As described above, in the PDP apparatus, only the display cell can be controlled to emit light or not to emit light, and it is impossible to change the light emission intensity for each display cell. Thus, in the case of performing gradation display, one display field is composed of a plurality of subfields. 3 is a diagram for explaining a subfield configuration for gray scale display. As shown, one display field is composed of a plurality of subfields (four here) SF1-SF4. Each subfield has a reset period R, an address period A, and a sustain discharge period S, and the length of the sustain discharge period S, that is, the luminance is different. For example, the luminance ratio of SF1 to SF4 is 8: 4: 2: 1. Subfields emitting light within one display field are selected for each display cell so that a desired emission luminance is obtained. For example, 16 levels of 0 to 15 can be expressed in this subfield configuration, and SF2, SF3, SF4 are lit for 7-level display cells, and SF1 and SF2 are lit for 12-level display cells.

As mentioned above, although the conventional PDP apparatus was demonstrated, various methods are proposed and since the detailed structure is known, the above description is abbreviate | omitted here.

One of the points that PDP devices are inferior to CRT TVs is that the peak luminance is low. As a cause of this, there is a small percentage of the sustain discharge period related to the display luminance within one display field. As shown in Fig. 3, one display field is composed of a plurality of subfields, and each subfield has the same length of the reset period and the address period irrespective of the length of the sustain discharge period. In an actual PDP apparatus, one display field has 8 to 10 subfields in order to perform sufficient gradation representation and further reduce problems such as color false contour. Therefore, in one display field, the ratio of the reset period and the address period not related to the display luminance is large, and the sustain discharge period cannot be sufficiently long. Therefore, there is a problem that sufficient peak luminance cannot be obtained.

In order to solve such a problem, Japanese Patent Laid-Open No. 2000-347616 discloses a technique of "limiting the resolution information of a display image to realize a comprehensive image quality improvement such as gradation". This technique performs address processing in a specific subfield simultaneously with n (n is an integer of 2 or more) lines, shortens the address period to 1 / n, and assigns the shortened time to the sustain discharge period of each subfield. To improve the brightness. The above-mentioned known document discloses correcting lighting data by performing arithmetic between n display cells in the vertical direction in order to maintain image information as much as possible for n lines where address processing is performed simultaneously.

However, in order to realize the technique disclosed in Japanese Patent Application Laid-Open No. 2000-347616, it is necessary to change a circuit so that address processing can be performed on n display lines at the same time.

An object of the present invention is to improve peak brightness without changing the circuit configuration of the existing PDP device.

In order to realize the above object, the plasma display device (PDP device) of the present invention makes a part of the display line of the predetermined subfield of low brightness non-display. This process is hereinafter referred to as thinning process. This shortens the address period and allocates the shortened time to the sustain discharge period in the following two steps.

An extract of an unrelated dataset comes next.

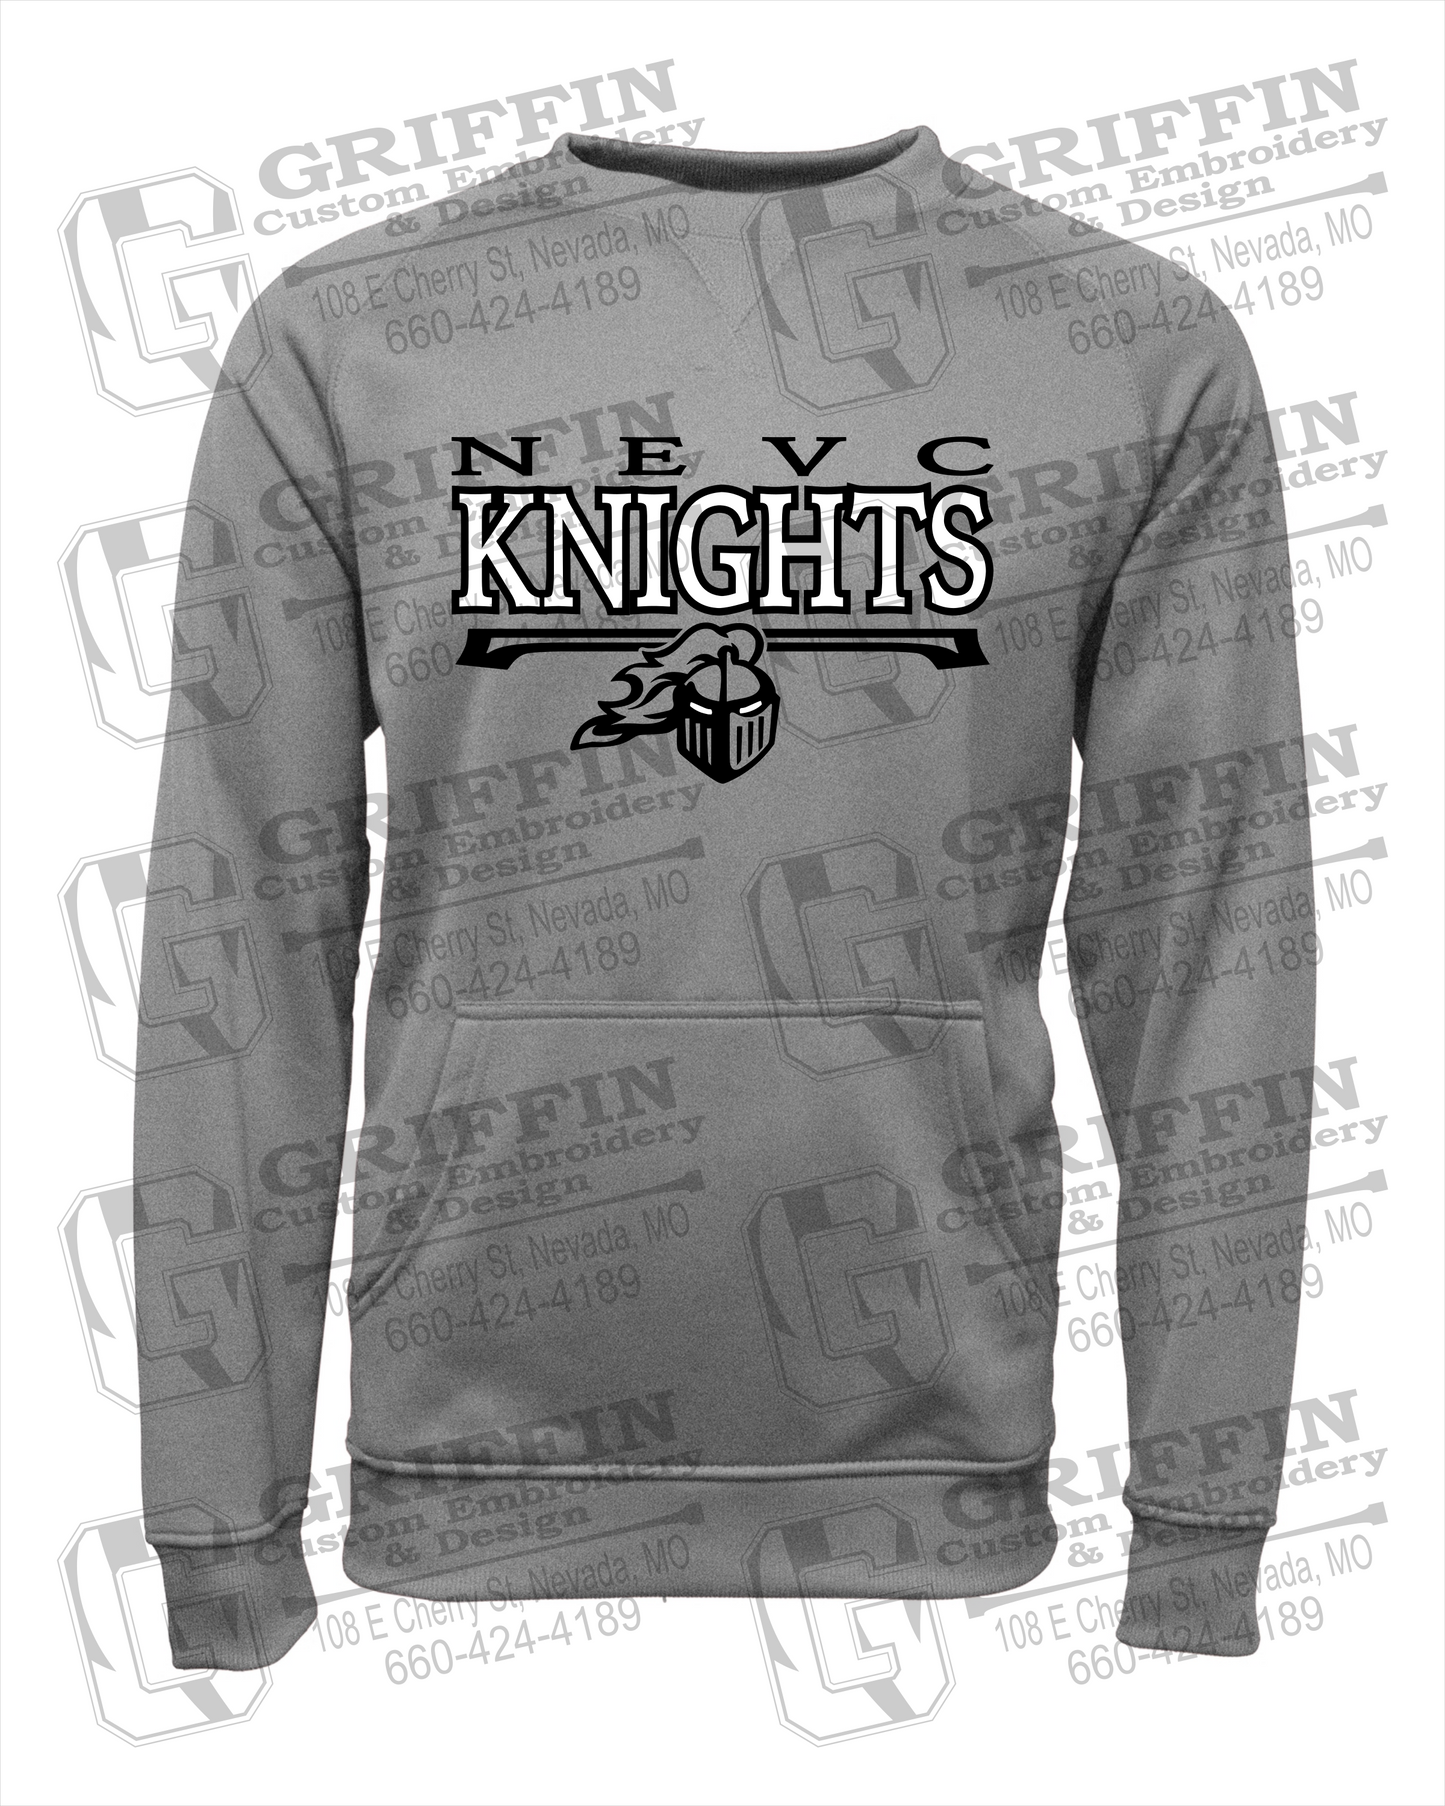 NEVC Knights 23-A Youth Sweatshirt

First, since the luminance in the constant display area of the thinned sub-brightness subfield is reduced to about 1 / n, as a first step, the luminance weight (number of sustain discharge pulses, i.e., sustain discharge period) of this subfield is reduced. Length) is allocated to approximately n times before the thinning process. As a result, gradation continuity in the constant display area is maintained.

As a second step, the remaining time is allocated to the ratio of the luminance weights at the end of the first step for each subfield. As a result, the brightness is improved.

As described above, in the PDP apparatus, power consumption is limited, and when the average brightness is high, the total number of sustain discharge pulses is reduced so that the power consumption does not exceed the limit value. Since the thinning process of the present invention increases the luminance and power consumption, the thinning process is performed when the average luminance is less than or equal to a predetermined value.

Although the thinning process is performed by a low luminance subfield, one or more subfields may be thinned.

The thinning process performs thinning so as to display one of a plurality of adjacent display lines and not display other display lines. However, in the case of the PDP apparatus which performs interlaced display, the display adjacent to each of the odd field and the even field is used. One of the lines is displayed and the other display lines are thinned out. Therefore, in the case of interlaced display, two lines of adjacent odd and even fields are displayed, and other display lines are thinned.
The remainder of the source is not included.